First, as a first example, a case will be described in which the risk management support integrated system 1 according to the present example is applied to prevent loss of an accident caused by a failure of a part or the like and device management. In the reliability support system 3, the data of the operation management system 2 is also used, and the reliability confirmation analysis is periodically performed by using failure information and replacement information regarding daily parts and the like. Here, for the risk determination, data represented by numerical values among the data managed in the database 3a of the reliability support system 3, such as the number of failures and the number of replacements, is used. First, as shown in FIG. 4, the determination unit 3b of the reliability management support system 3 has a failure on the day of inspection from the database 3a of the reliability support system 3 (the 0th day in FIG. 4 is set as the day of inspection). take out the number and replacement number M ₀ (step S100).

Next, similarly, the determination unit 3b of the reliability support system 3 determines the number of failures and replacements M from the database 3a for the past one week (data before the 0th day, which is the inspection date). In the example, the data of the -7th day to the -1st day) are taken out, the average value is obtained, and this is used as the reference value _R0 for comparison (step S110). In FIG. 2, the dotted line indicates the transition of the average value R for the past seven days on each data collection date. Then, the determination unit 3b obtains a difference D between the inspection value M ₀ and the reference value R ₀ (step S120), and when the difference D is larger than a predetermined threshold, changes in failure probability and failure mode are observed. (Step S130). Here, the relationship between the difference D and the threshold value may be configured to determine whether or not the absolute value of the difference D exceeds the threshold value, or may be determined in consideration of the sign of the difference D. .

The period of the past data when obtaining the reference value R ₀ as the average value is not limited to one week, and can be set to monthly units or year units according to the characteristics of the parts and units to be inspected. For example, since the failure analysis of the main motor of the vehicle is performed every week or every month, the failure of this main motor can be performed using the past data for one week or the past data for one month as described above. It is possible to monitor fluctuations in probability and failure mode. When the failure probability or failure mode has changed in step S130 described above, that is, when the difference D between the inspection value M ₀ and the average value R ₀ is greater than a predetermined threshold, the determination unit 3b determines that the component / unit Is displayed on a warning unit 3c such as a display of the reliability management support system 3 to notify a person in charge (factory or vehicle inspection site), and this information is transferred to the risk support system 5 (step S140).

  The risk support system 5 manages hazards that can lead to railway accidents. For this reason, in the risk support system 5, when information on a part / unit whose failure probability or failure mode has changed is transmitted, an accident risk caused by the failure / damage of the part / unit is calculated, and a display etc. A warning is displayed on the warning section 5a to notify the person in charge at the head office / branch office.

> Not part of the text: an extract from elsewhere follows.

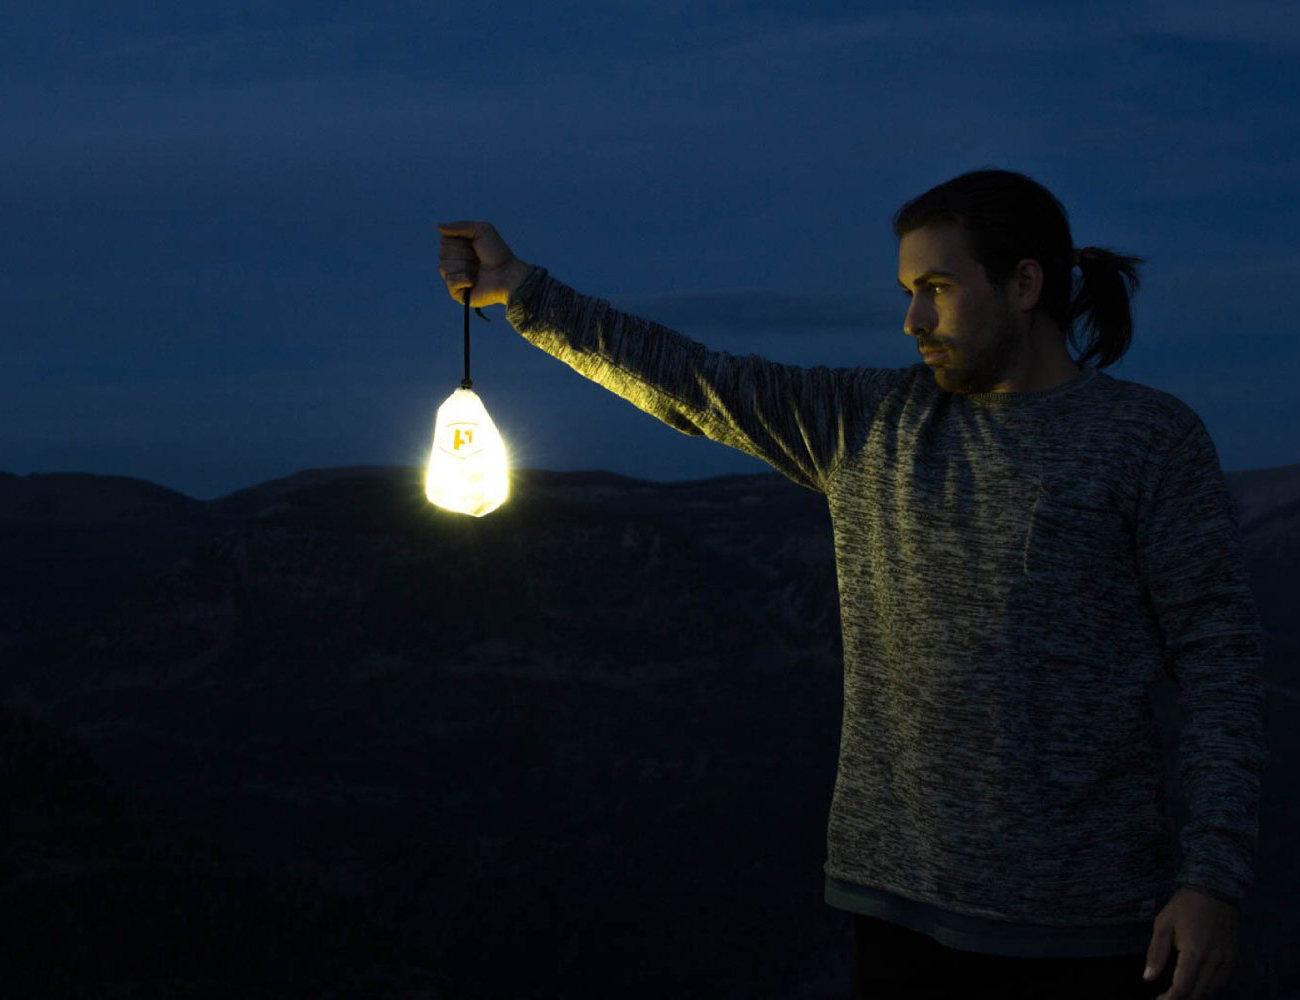 Luminoodle – The Flexible Waterproof USB LED Strip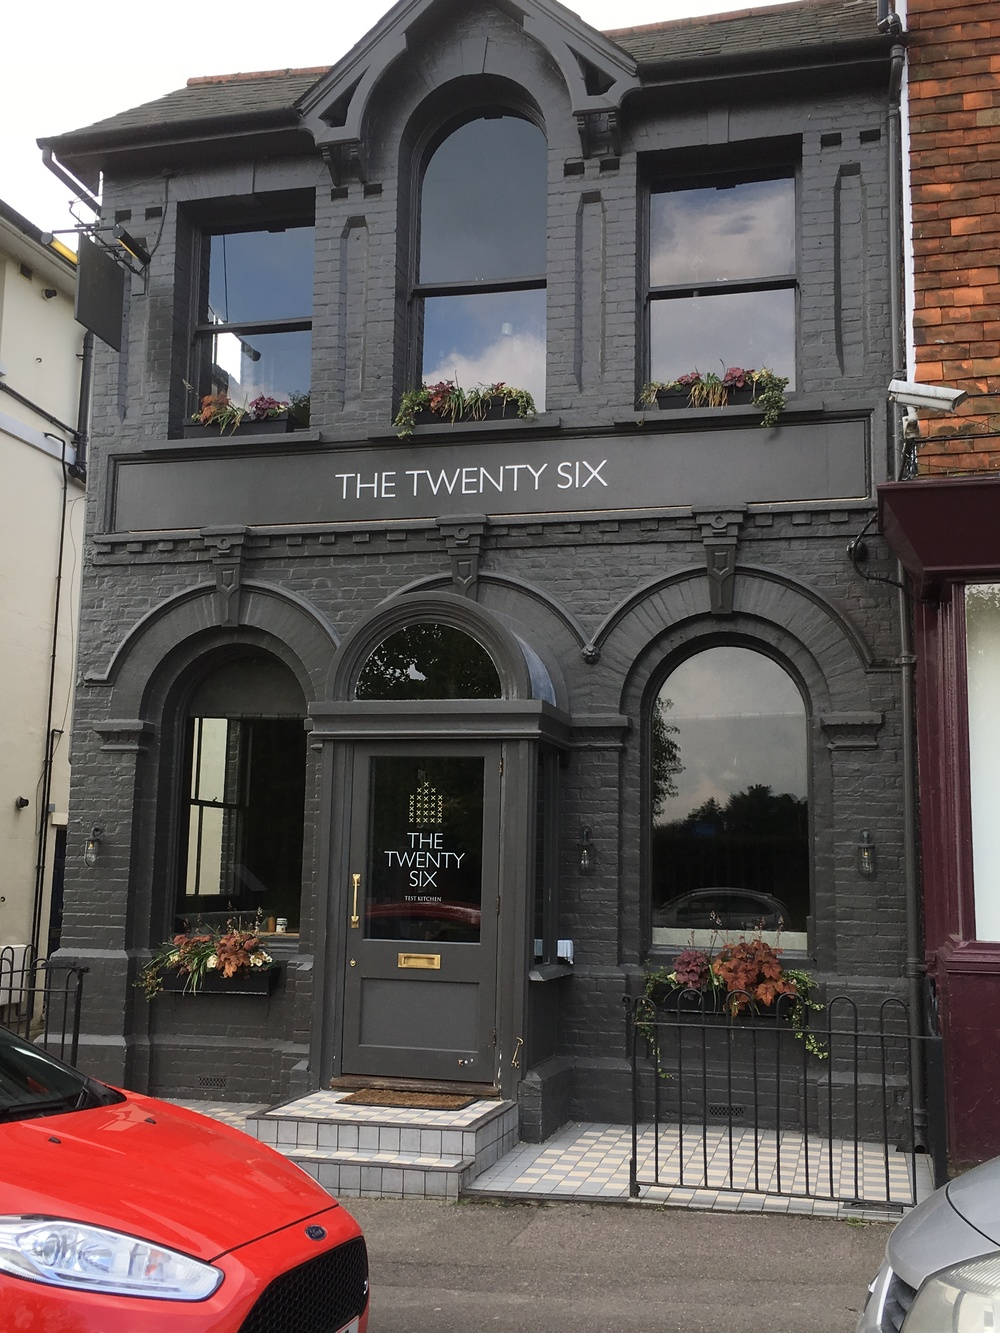 The Twenty Six in Southborough

  In this way, the number of cases as failure information and replacement information for each part or unit managed by the reliability management support system 3 is extracted for a predetermined period in the past, and an average value is calculated. By detecting that the difference between the two exceeds a predetermined threshold value and alerting the person in charge, it is possible to prevent accidents caused by failures of parts and the like and to perform crisis management.

  In the embodiment described above, the past data immediately before the inspection date is taken out for a predetermined period, an average value is calculated, and the average value is determined as a reference value. It is not limited to an example, For example, it is possible to use the average value of the data of the same month of the previous year, etc., or to use these average values together.

  Next, a case where the risk management support integrated system 1 according to the present embodiment is applied to the preventive safety management by the safety management support system 4 will be described as a second embodiment. The safety management support system 4 also uses the data of the operation management system 2 and periodically performs safety confirmation analysis using daily accident occurrence information, incident information, and the like. For example, by analyzing the human error such as signal advancement every week or every month, it is possible to monitor the trend regarding the same type of human error. Also in this embodiment, the number of times of these human errors is accumulated, data for a predetermined period is taken out, an average value is obtained, and fluctuations are detected from the difference in data on the inspection date using this average value. .

  When the safety management support system 4 determines that the difference between the risk calculated by the above method and the reference value exceeds a predetermined threshold, that is, the human error occurrence status has changed, the change A warning is displayed on the display or the like of the safety management support system 4 regarding the route / station / crew in which there is, and the person in charge (low station manager) is notified, and this information is transferred to the risk management support system 5.

  The risk management support system 5 manages hazards that lead to railway accidents. Therefore, the risk management support system 5 calculates and displays the accident risk due to the human error of the route / station / crew when the information about the route / station / crew is changed. Etc. and issue a warning to the head office / branch office.

  In this way, the operation of this system 1 will not only deal with safety management that considers measures to prevent recurrence after a conventional accident occurs, but also to preventive safety management that extracts signs of the accident in advance and implements safety management. And the safety management methods can be expanded.

It is a block diagram which shows the structure of the risk management support integrated system which concerns on this invention. It is a block diagram which shows the principal part of the said risk management support integrated system for demonstrating a 1st Example. It is a flowchart which shows the judgment method which concerns on this invention. It is explanatory drawing for demonstrating the relationship between the test value in the said method, and a reference value.

Explanation of symbols

1 Risk management support integrated system 3 Reliability management support system 3a Database (information collection and storage means)
3b Determination unit (determination means)
3c Alarm section (alarm means)
5 Risk management support system (risk management means)

Claims (2)

Information collecting and accumulating means for collecting and accumulating statistical information;
Determining means for detecting a change in the occurrence of the statistical information;
An alarm means for issuing an alarm when it is determined by the determining means that there is a change in the generation of the statistical information;
The determination means takes out the statistical information on a predetermined examination date and the statistical information of a predetermined period from the statistical information collected before the inspection date, and averages the statistical information of the predetermined period Risk management configured to calculate a value, further calculate a difference between the statistical information on the inspection date and the average value, and issue a warning by the alarm means when the difference exceeds a predetermined threshold Integrated support system.   The risk management support integrated system according to claim 1, further comprising risk management means for managing the statistical information determined to have a change in occurrence in the determination means.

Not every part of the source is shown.